WORK ORDER
Copy out, exactly as written, only the line containing "Spider-Man: Far From" and the lines after it through the end of the records.
Top of INPUT MATERIAL
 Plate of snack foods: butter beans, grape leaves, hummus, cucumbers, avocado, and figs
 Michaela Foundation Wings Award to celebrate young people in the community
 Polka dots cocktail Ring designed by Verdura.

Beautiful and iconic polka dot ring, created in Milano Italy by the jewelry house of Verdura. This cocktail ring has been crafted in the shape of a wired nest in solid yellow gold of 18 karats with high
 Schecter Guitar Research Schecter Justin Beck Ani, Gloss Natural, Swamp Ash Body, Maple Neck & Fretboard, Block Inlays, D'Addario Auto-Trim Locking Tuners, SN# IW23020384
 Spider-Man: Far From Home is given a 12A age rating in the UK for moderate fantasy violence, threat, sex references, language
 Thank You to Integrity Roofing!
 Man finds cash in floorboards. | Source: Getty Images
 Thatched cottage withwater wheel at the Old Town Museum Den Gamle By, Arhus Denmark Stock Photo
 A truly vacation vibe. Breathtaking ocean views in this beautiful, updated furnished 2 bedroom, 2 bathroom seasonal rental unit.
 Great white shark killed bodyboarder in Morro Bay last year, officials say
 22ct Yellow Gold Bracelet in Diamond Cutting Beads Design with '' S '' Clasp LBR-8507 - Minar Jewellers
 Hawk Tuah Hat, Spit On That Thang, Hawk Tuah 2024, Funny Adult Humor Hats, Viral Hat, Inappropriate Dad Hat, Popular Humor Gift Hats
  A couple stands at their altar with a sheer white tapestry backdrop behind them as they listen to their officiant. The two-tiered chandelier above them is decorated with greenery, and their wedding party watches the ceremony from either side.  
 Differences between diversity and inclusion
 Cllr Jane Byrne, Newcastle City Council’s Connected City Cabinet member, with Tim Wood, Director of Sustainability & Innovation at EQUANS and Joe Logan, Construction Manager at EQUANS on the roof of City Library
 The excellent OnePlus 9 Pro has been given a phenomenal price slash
Bottom of INPUT MATERIAL
SOLUTION BELOW
 Spider-Man: Far From Home is given a 12A age rating in the UK for moderate fantasy violence, threat, sex references, language
 Thank You to Integrity Roofing!
 Man finds cash in floorboards. | Source: Getty Images
 Thatched cottage withwater wheel at the Old Town Museum Den Gamle By, Arhus Denmark Stock Photo
 A truly vacation vibe. Breathtaking ocean views in this beautiful, updated furnished 2 bedroom, 2 bathroom seasonal rental unit.
 Great white shark killed bodyboarder in Morro Bay last year, officials say
 22ct Yellow Gold Bracelet in Diamond Cutting Beads Design with '' S '' Clasp LBR-8507 - Minar Jewellers
 Hawk Tuah Hat, Spit On That Thang, Hawk Tuah 2024, Funny Adult Humor Hats, Viral Hat, Inappropriate Dad Hat, Popular Humor Gift Hats
  A couple stands at their altar with a sheer white tapestry backdrop behind them as they listen to their officiant. The two-tiered chandelier above them is decorated with greenery, and their wedding party watches the ceremony from either side.  
 Differences between diversity and inclusion
 Cllr Jane Byrne, Newcastle City Council’s Connected City Cabinet member, with Tim Wood, Director of Sustainability & Innovation at EQUANS and Joe Logan, Construction Manager at EQUANS on the roof of City Library
 The excellent OnePlus 9 Pro has been given a phenomenal price slash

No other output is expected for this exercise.